If I add a .onLoad function to zzz.R, e.g.

.onLoad <- function(libname, pkgname) {
  reticulate::configure_environment(pkgname)
}

Then it works. I can load up numpy as before, but as soon as I library(PyInRpkg), it installs pandas, and then the functions work.

So, that seems to be the way to avoid weird runtime pitfalls in interactive sessions. It’s a particular case, but likely a fairly common one, so seems like the way to go.

Does having that in .onLoad affect any of the other ways? e.g. bare projects or preexisting but inactive python environments? Seems to work everywhere.

Build notes

The package will have a dev python environment, but it shouldn’t be included in the package build, so put ^.venv in Rbuildignore.

Passing types

We might need to call functions with arguments of a specific type (lists, dicts) that are not necessarily the same between languages. This is where wrapper functions can be very helpful. See my testing of type-passing.

Python venv locations

I have run into issues with reticulate finding the right virtual env, especially if it’s not in the top-level of the package. In that case, we need to be careful and control more things manually with environment variables and .Rprofile.
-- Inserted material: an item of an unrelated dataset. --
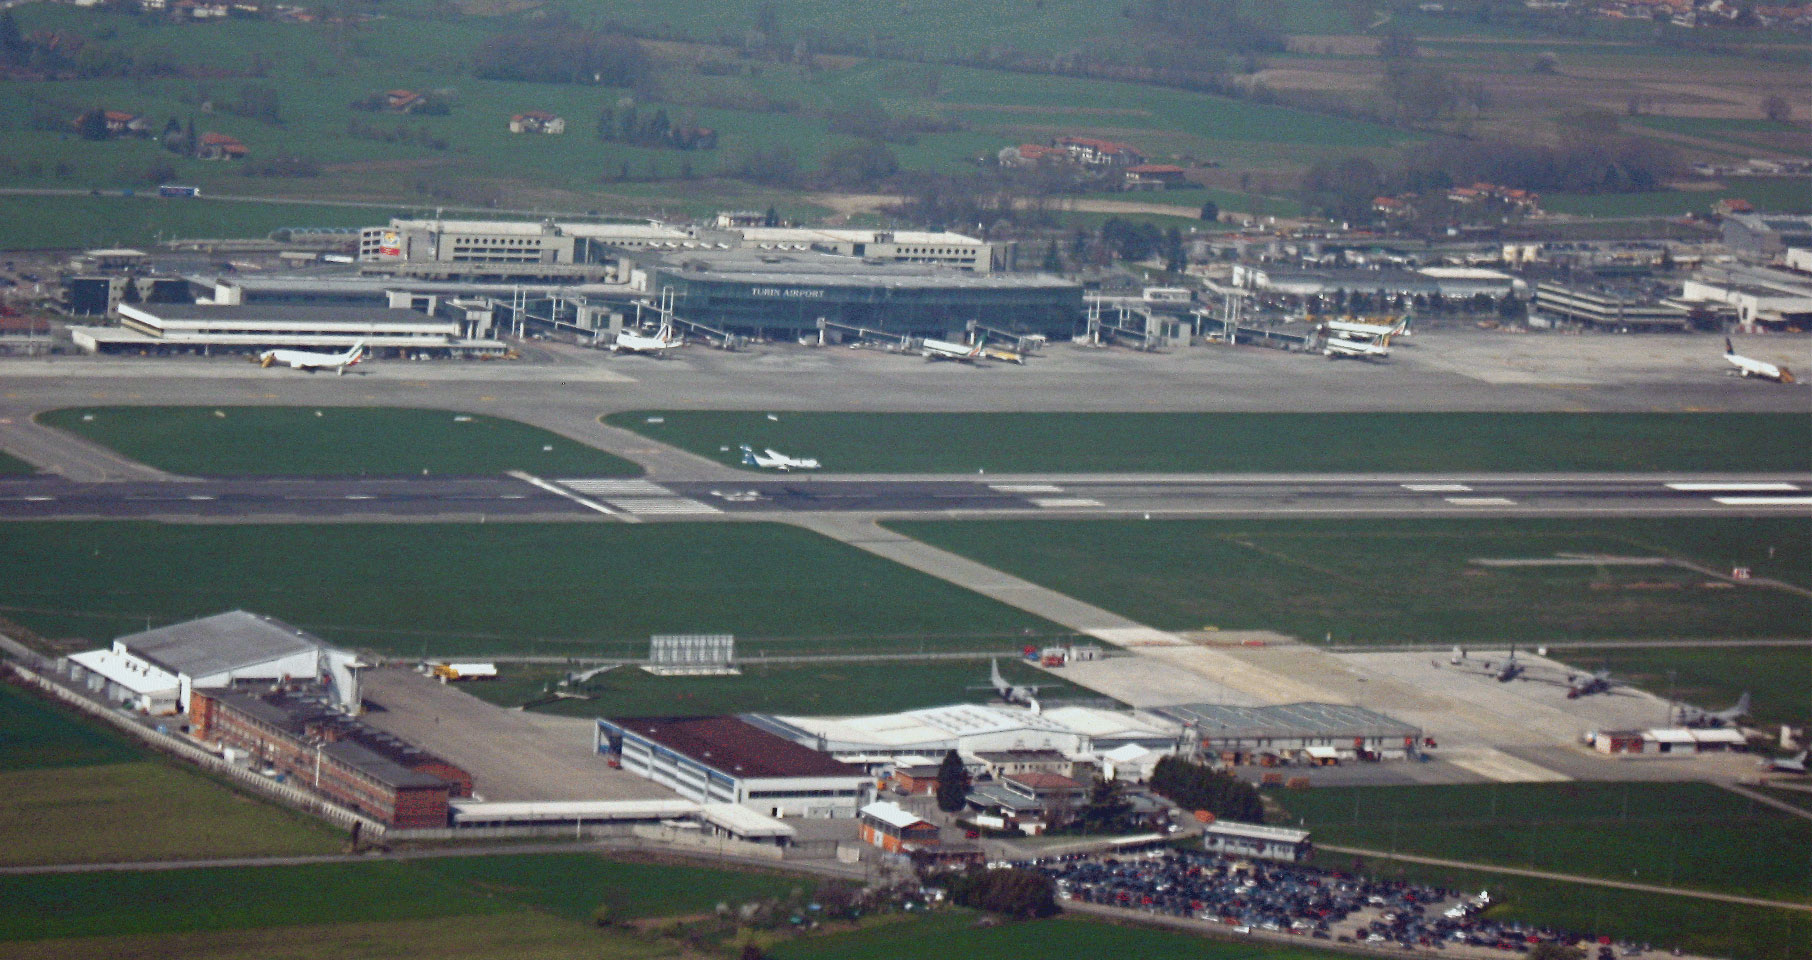 The airport is named Sandro Pertini Airport due to the former Italian President. 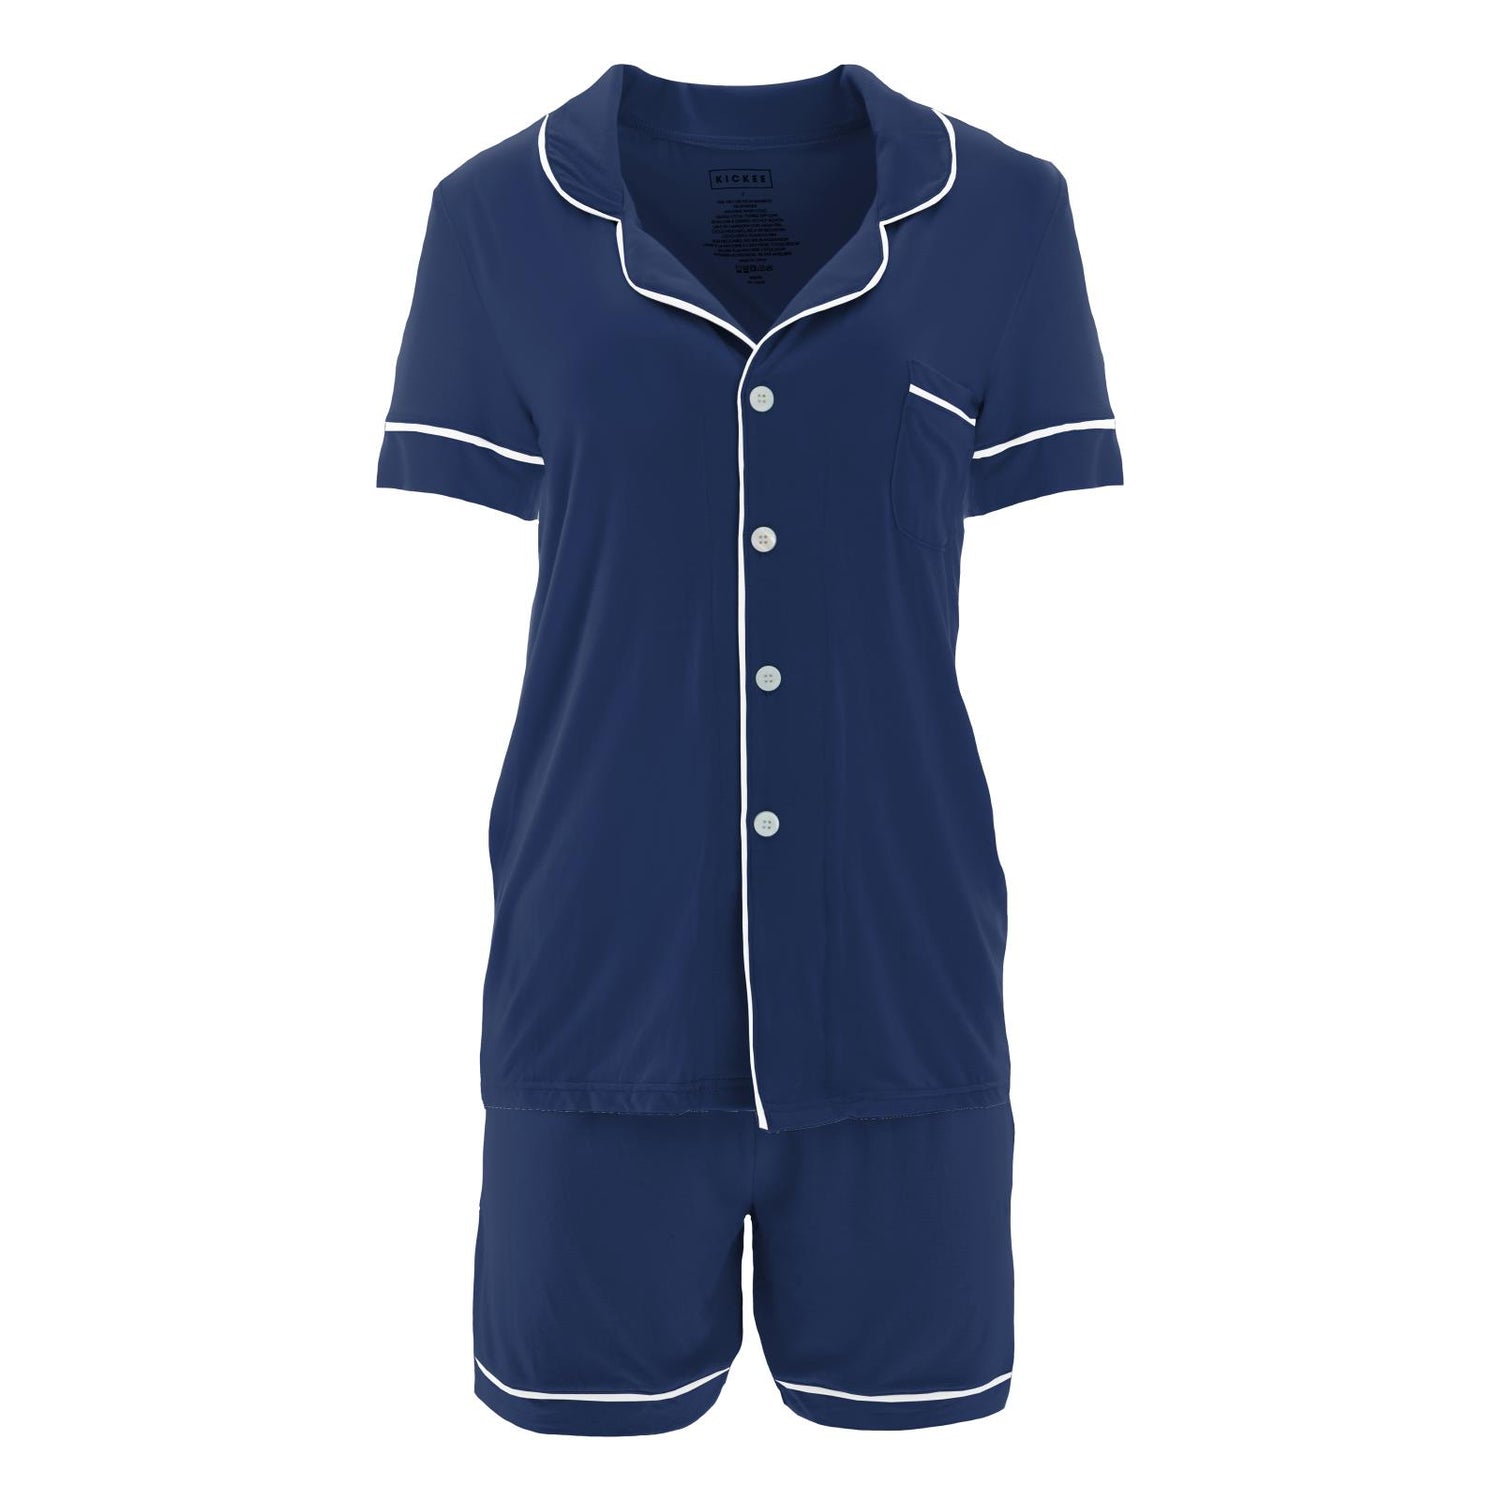 Women's Short Sleeve Collared Pajama Set with Shorts in Flag Blue with Natural

  1. Sys.setenv(RETICULATE_PYTHON = 'path/to/venv') (otherwise it will try to install conda and barf)

    1. I would have thought I’d have to do this before the library, but it seems to work.

    2. Better is to have a path to venv in .Rprofile, anyway

    3. NOTE sometimes if the .venv is in the outer directory, I’m getting weird errors when I try to Sys.setenv or otherwise set the path to the venv (it’s either prepending ~/virtualenvs or C::/ unless I pass a full fixed path. Seems to work in that case to just not set the environment variable though, and {reticulate} sorts it out correctly.